Recorded information:
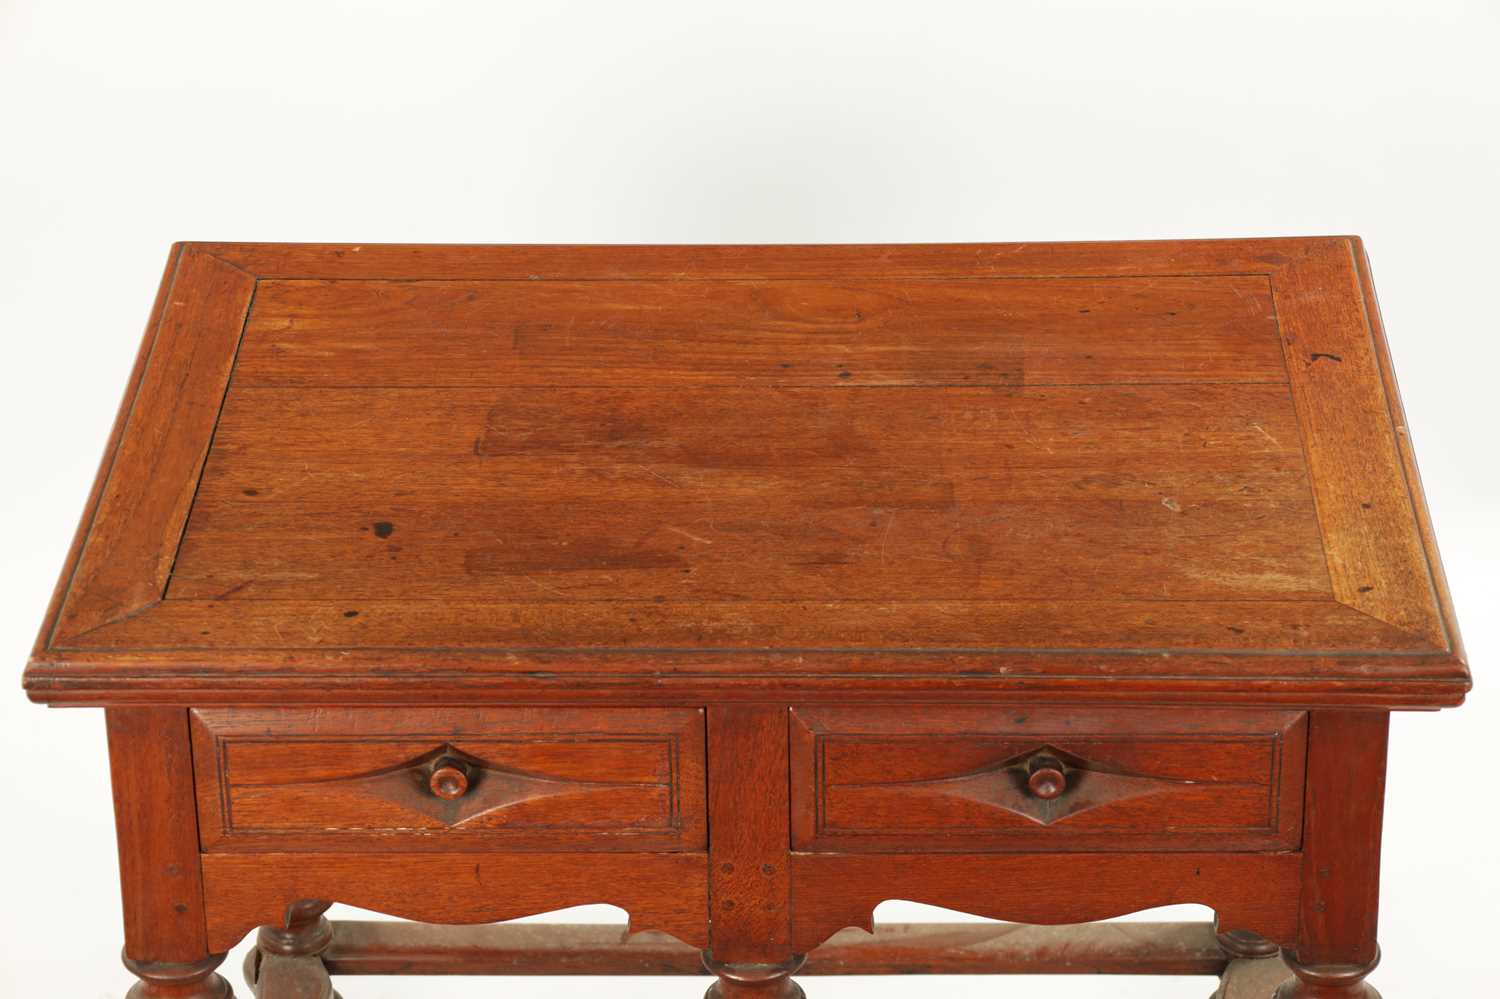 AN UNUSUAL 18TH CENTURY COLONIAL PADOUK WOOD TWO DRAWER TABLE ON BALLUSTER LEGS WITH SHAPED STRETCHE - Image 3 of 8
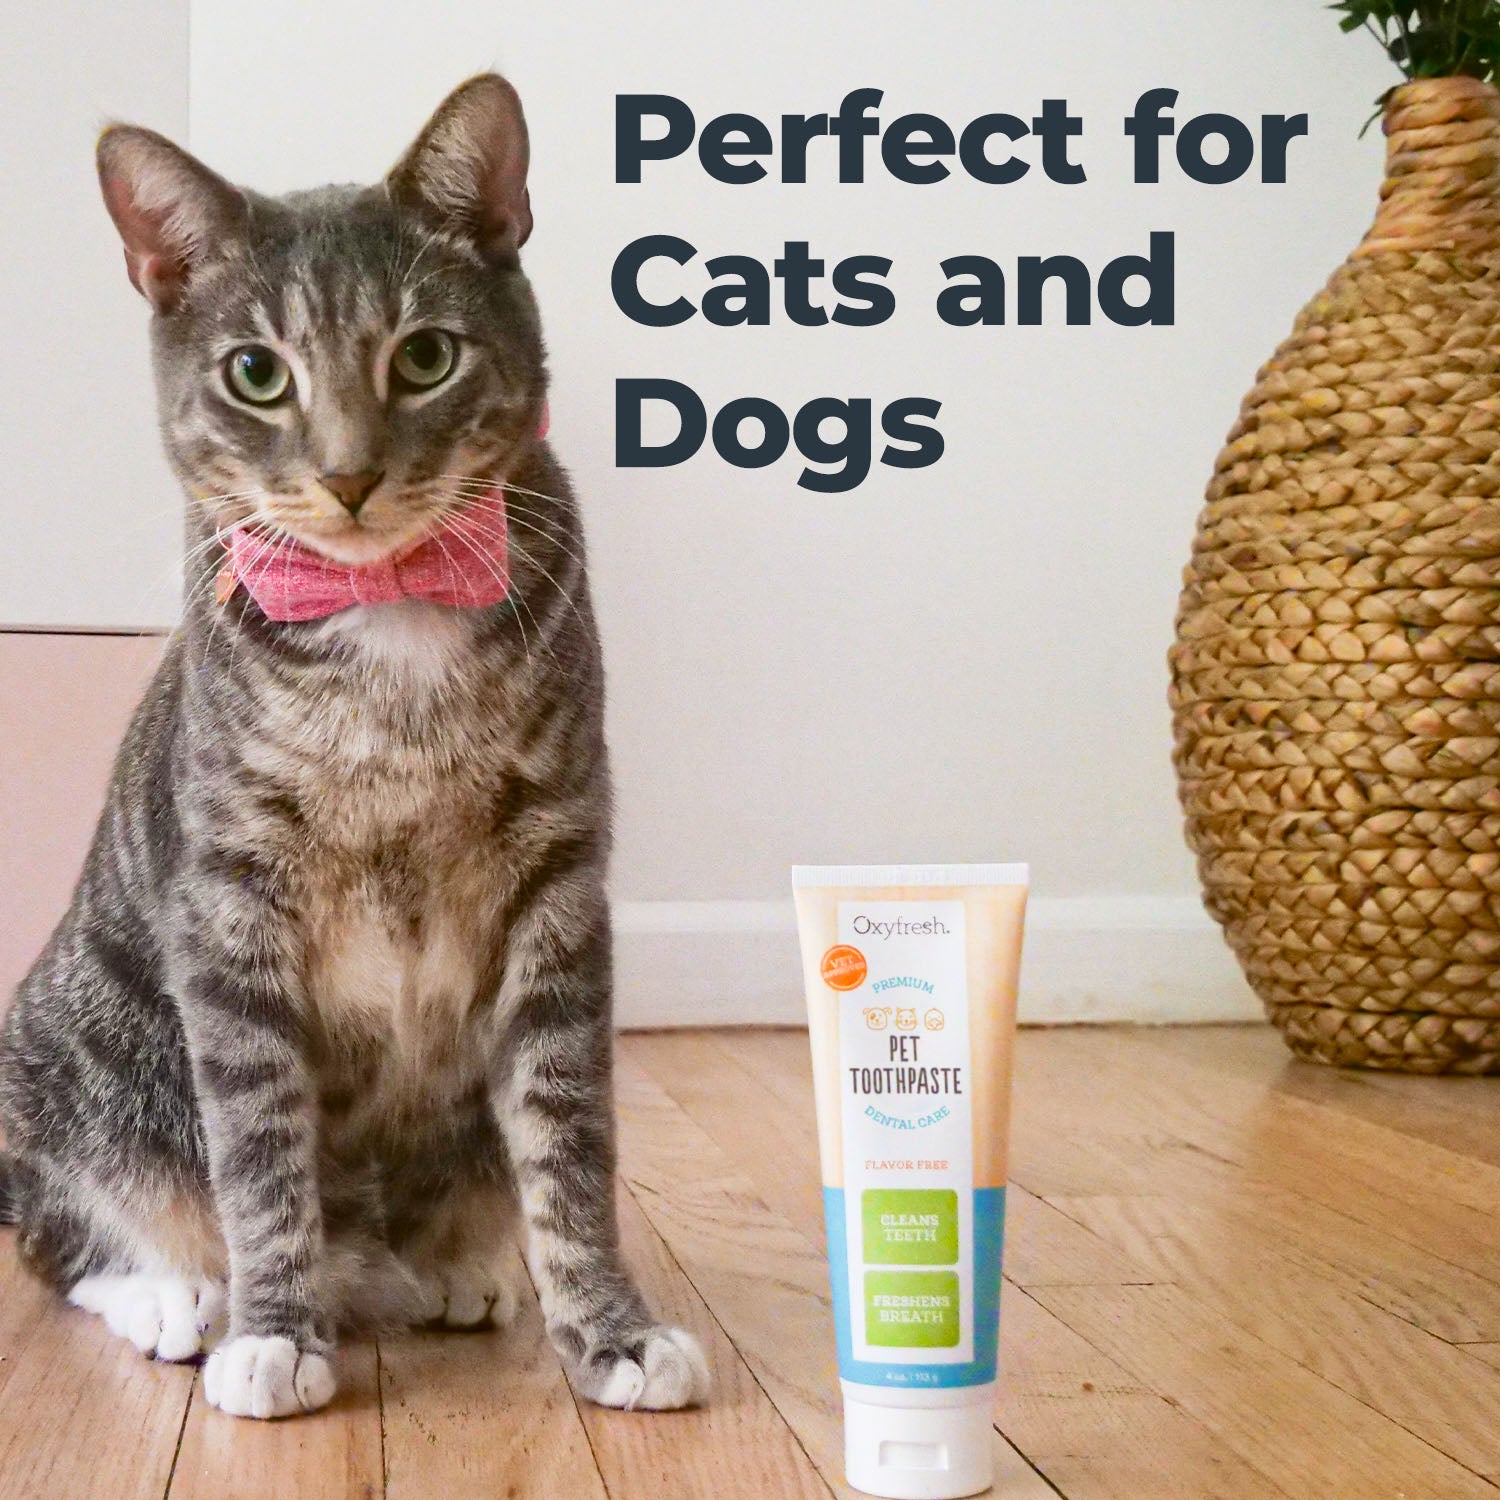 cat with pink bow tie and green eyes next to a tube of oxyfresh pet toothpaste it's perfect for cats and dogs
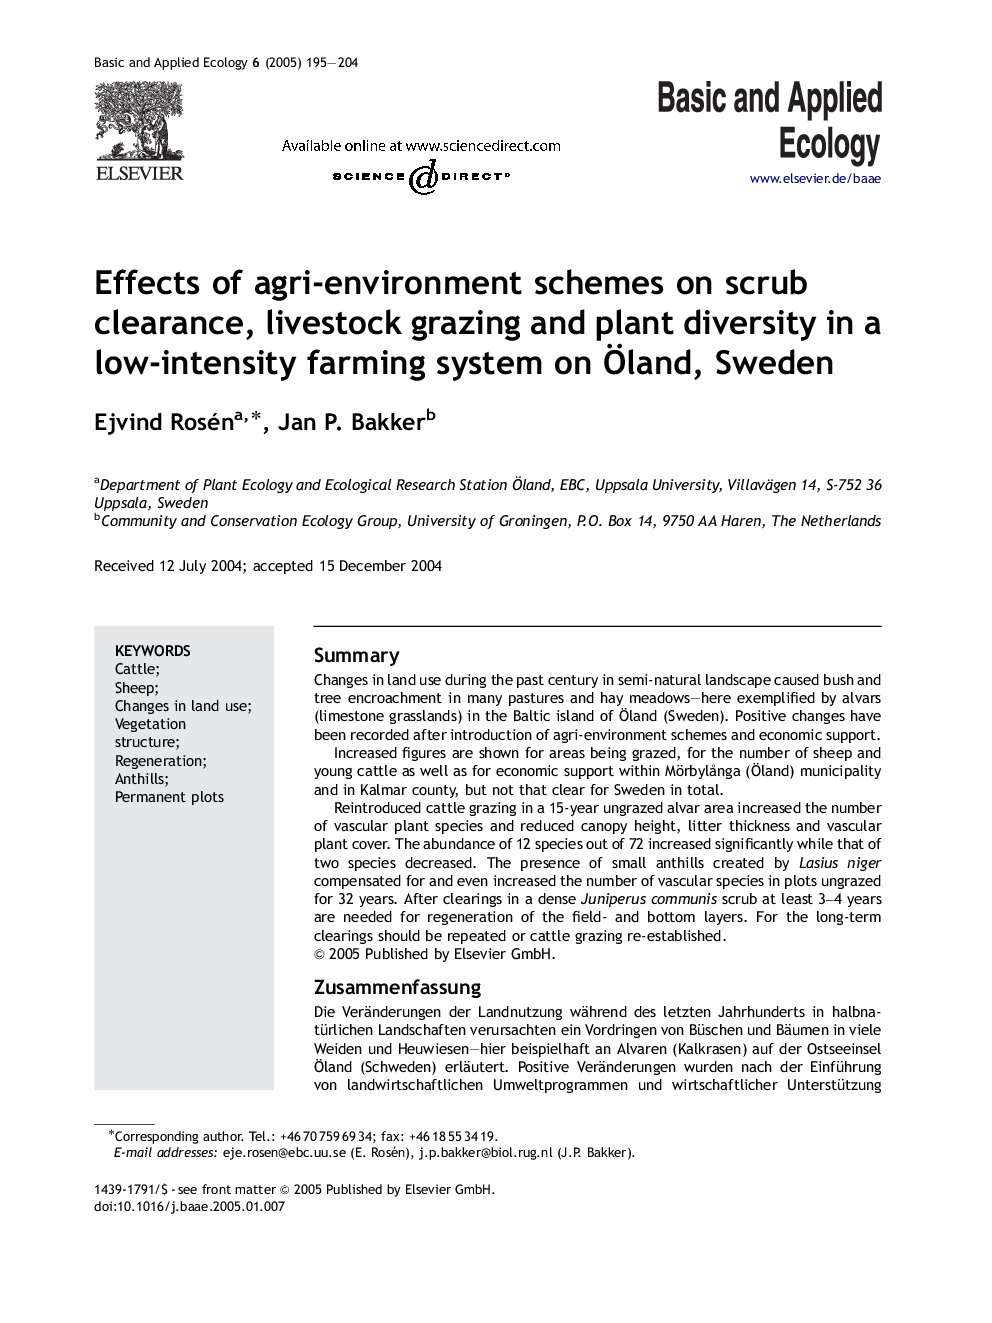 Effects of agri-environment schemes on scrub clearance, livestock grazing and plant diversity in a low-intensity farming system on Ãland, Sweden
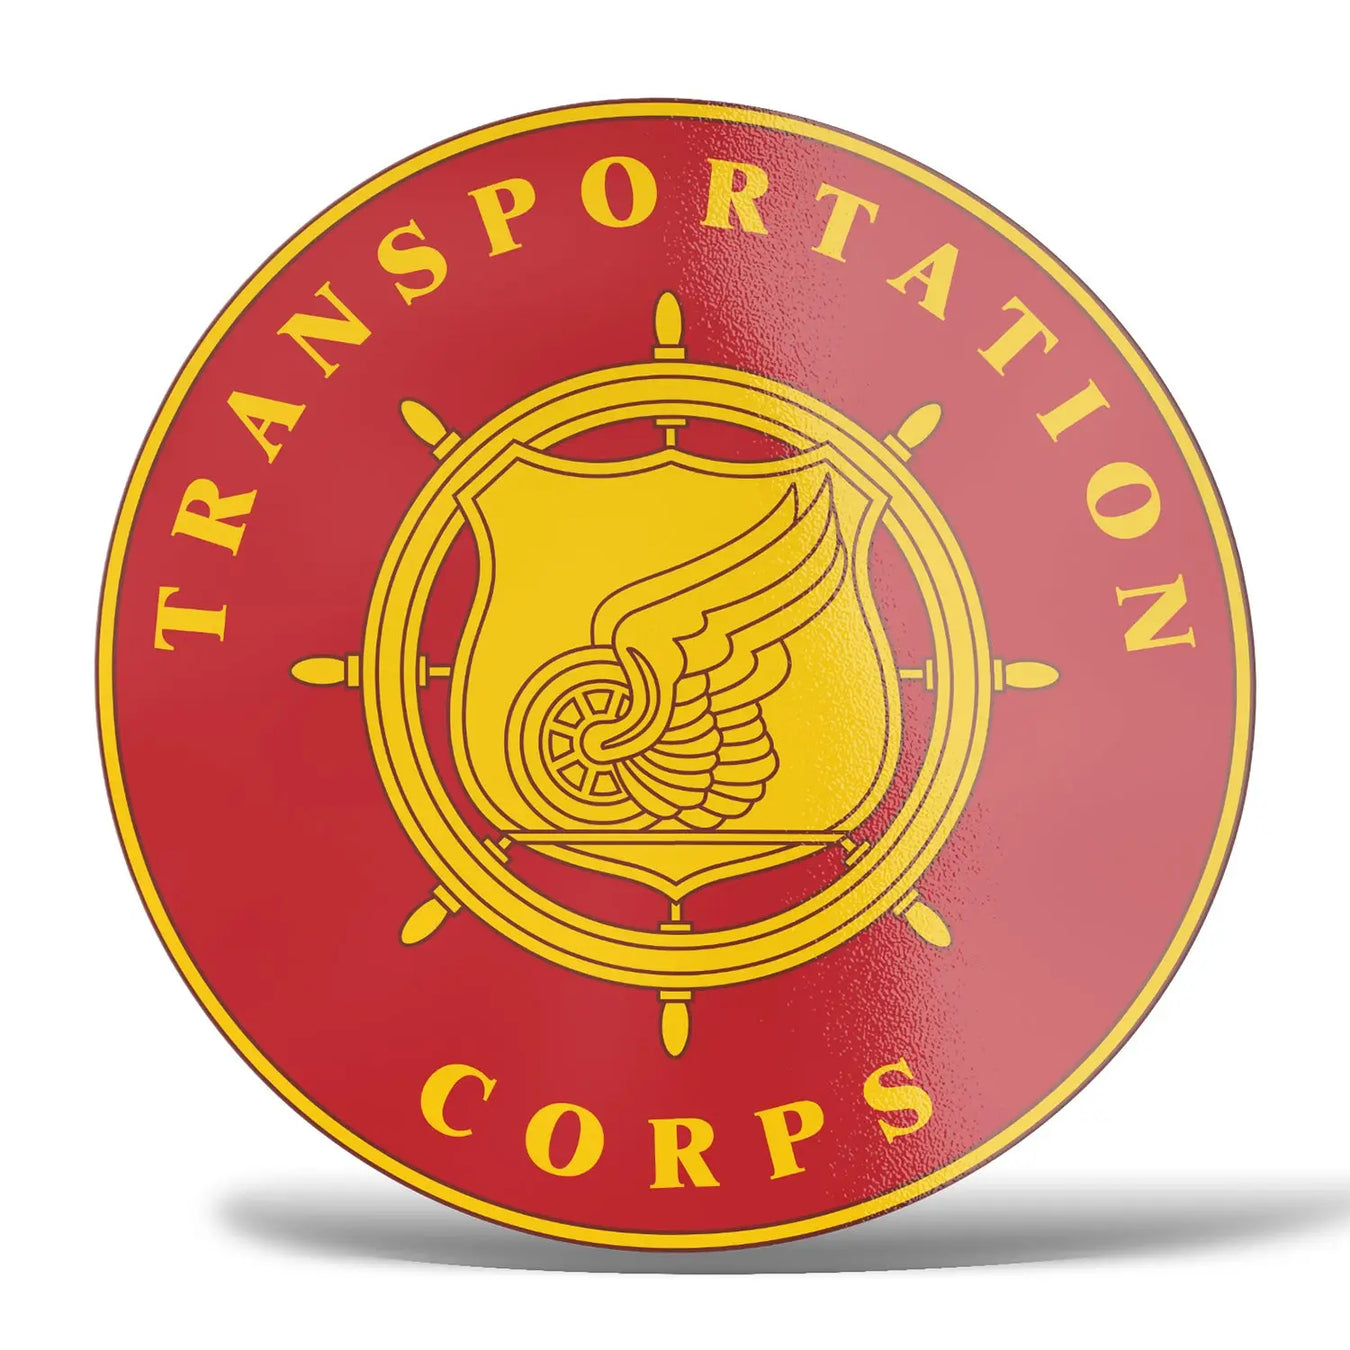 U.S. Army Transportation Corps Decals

What to do:
Would you restate word for word only the lines from the line with "cat with pink" to the last line above, with the pictures left out?

Answer:
 cat with pink bow tie and green eyes next to a tube of oxyfresh pet toothpaste it's perfect for cats and dogs
 Effects of agri-environment schemes on scrub clearance, livestock grazing and plant diversity in a low-intensity farming system on Ãland, Sweden
 U.S. Army Transportation Corps Decals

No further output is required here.